◆ Extracted material

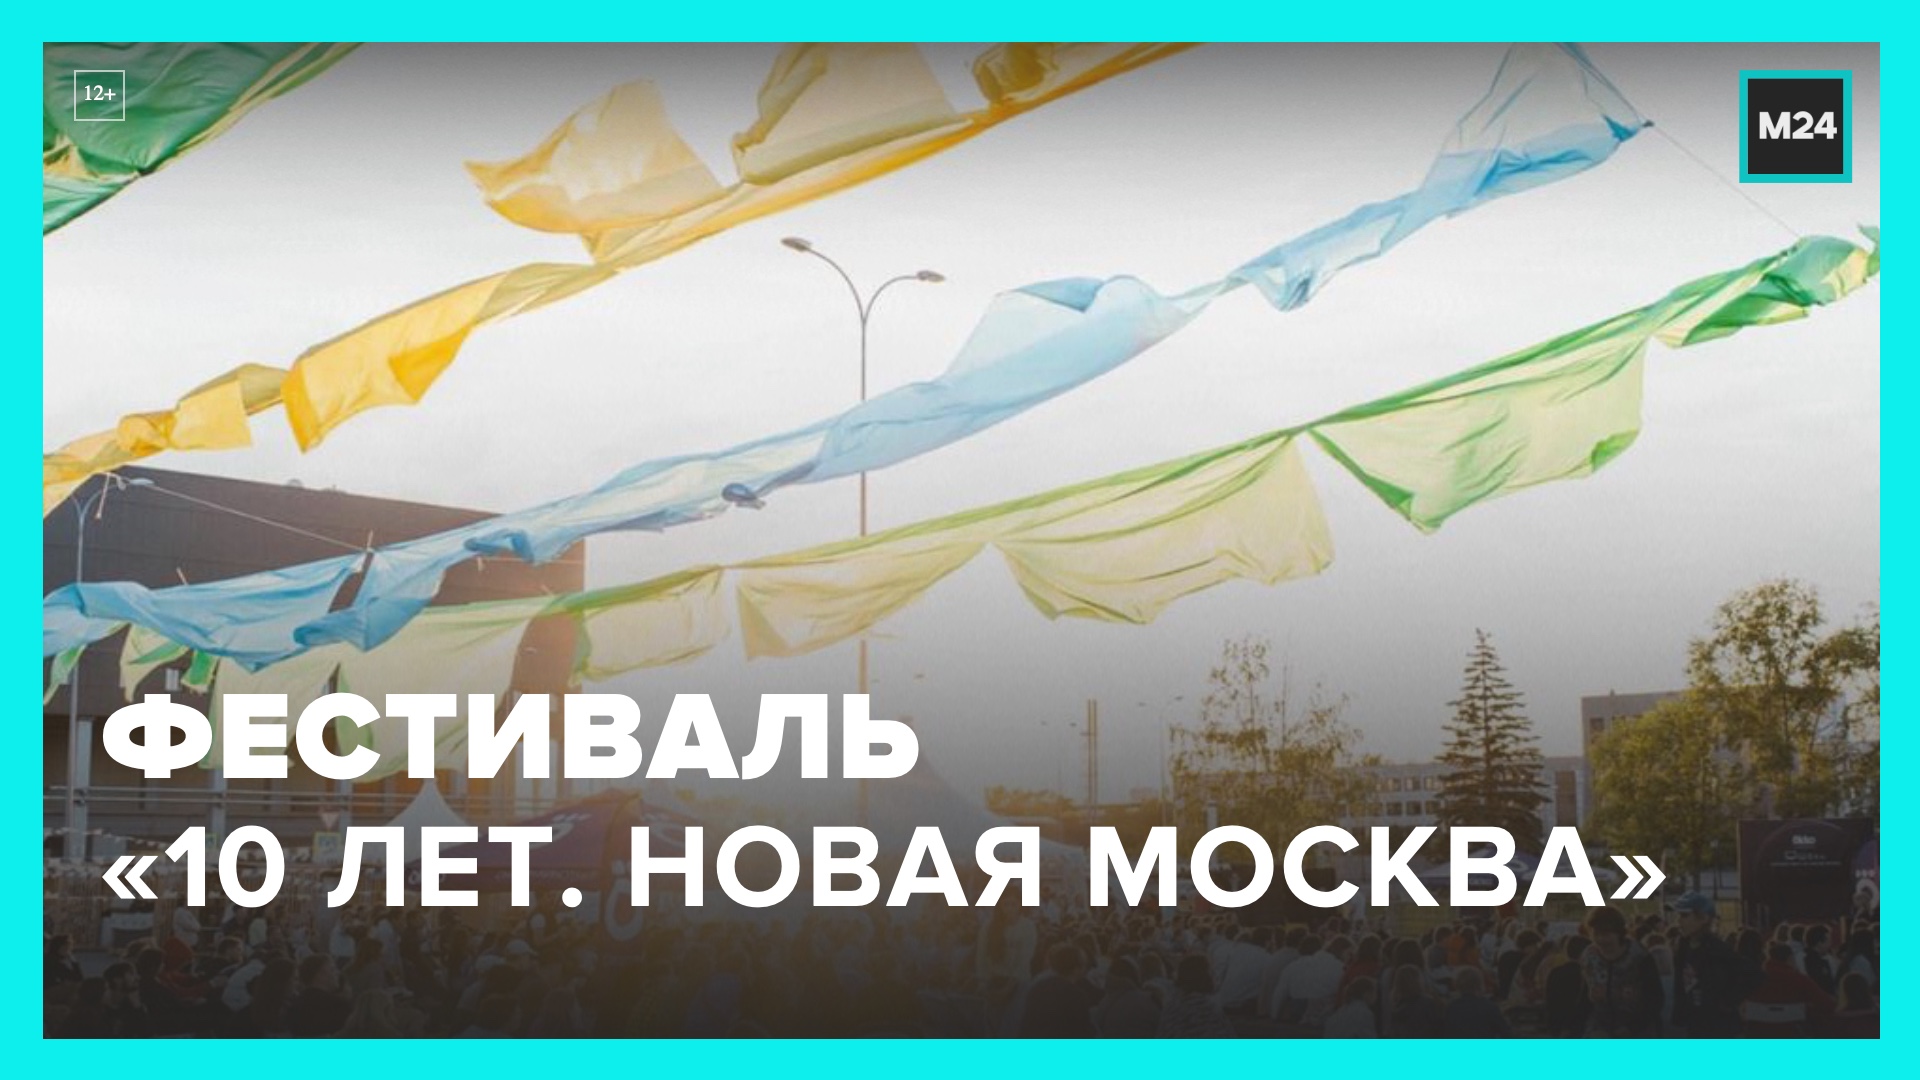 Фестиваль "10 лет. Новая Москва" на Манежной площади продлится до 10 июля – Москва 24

==

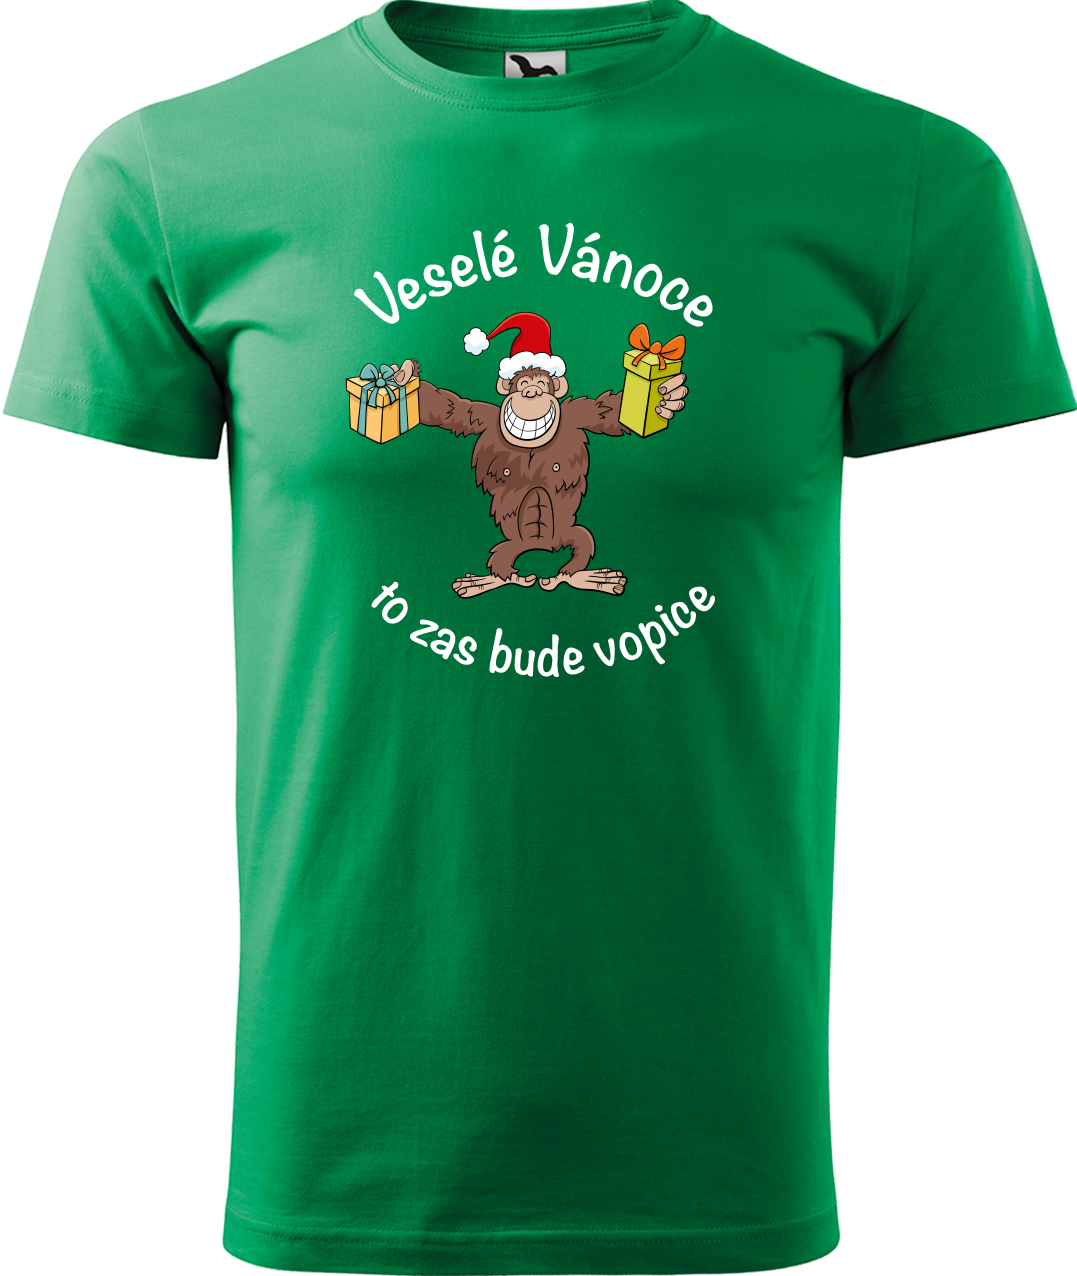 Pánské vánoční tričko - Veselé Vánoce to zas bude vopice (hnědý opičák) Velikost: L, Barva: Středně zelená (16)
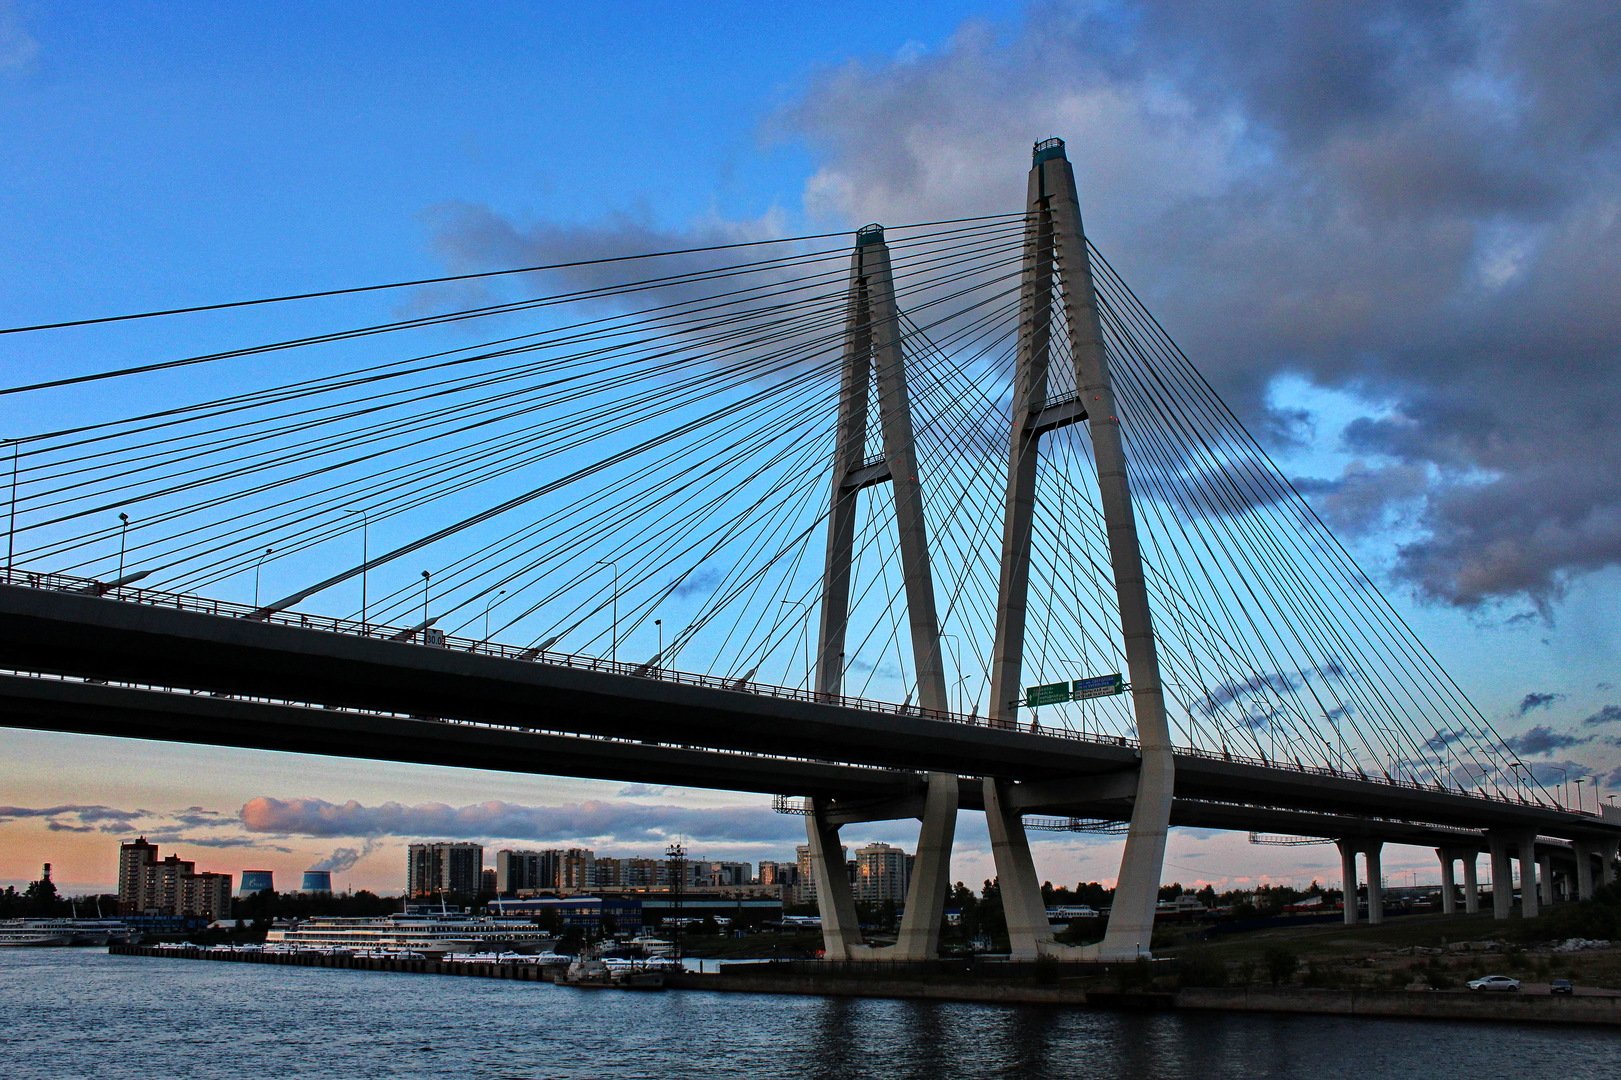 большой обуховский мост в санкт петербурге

...

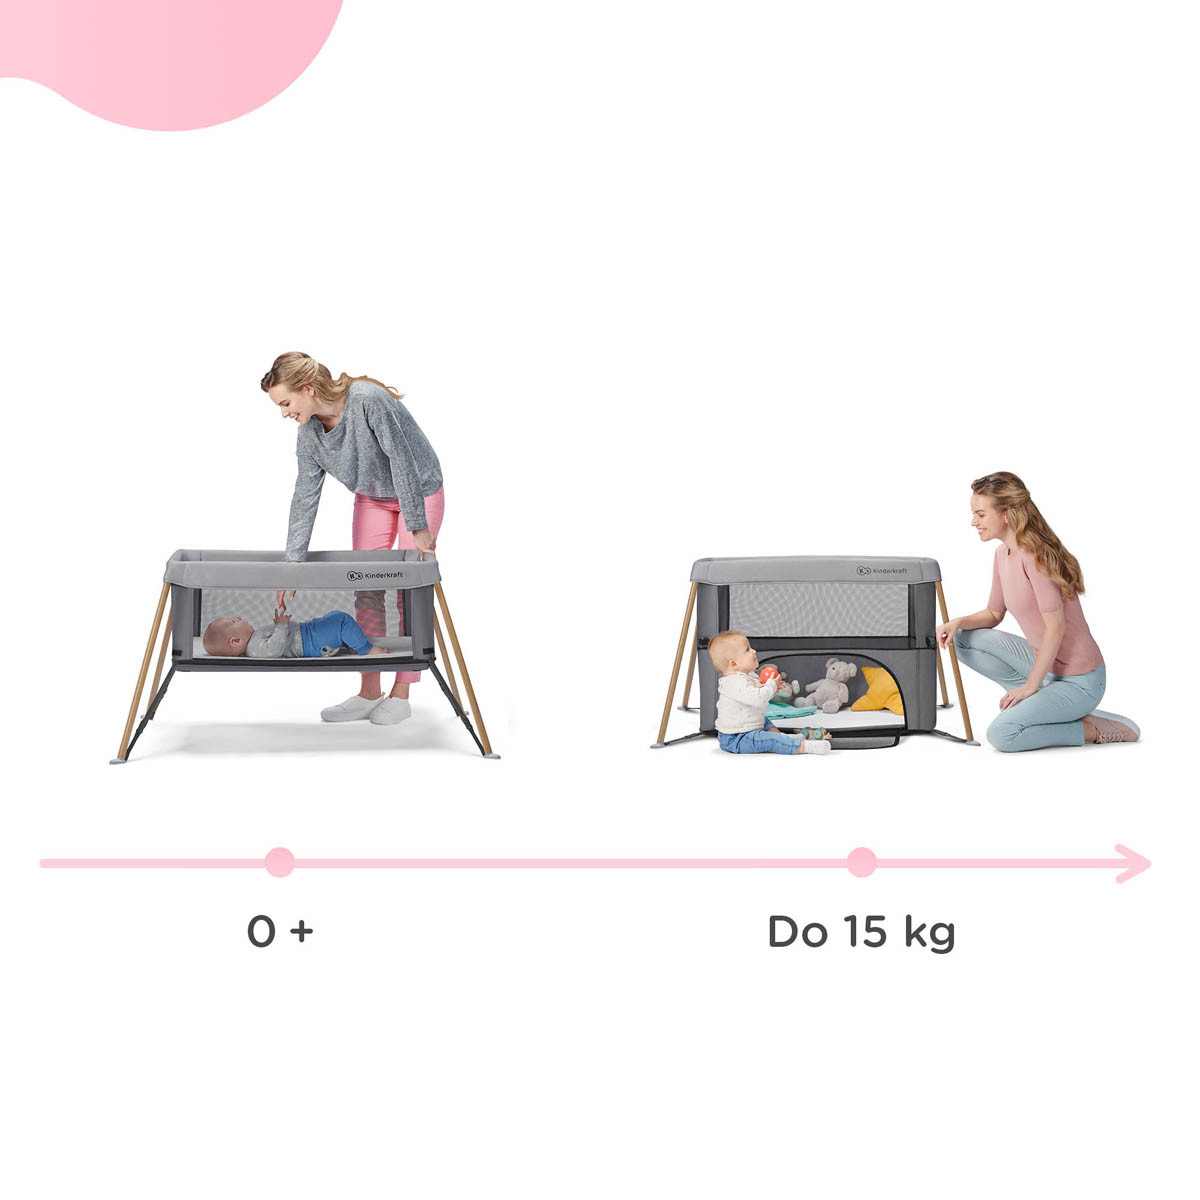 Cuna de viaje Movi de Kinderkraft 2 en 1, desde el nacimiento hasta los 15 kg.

◆ Brief
Look above for the line with "Pánské vánoční tričko" and the line with "большой обуховский мост в санкт петербурге", then copy exactly the lines from the first through the second, both kept, with no pictures.

◆ Answer for the task
 Pánské vánoční tričko - Veselé Vánoce to zas bude vopice (hnědý opičák) Velikost: L, Barva: Středně zelená (16)
 большой обуховский мост в санкт петербурге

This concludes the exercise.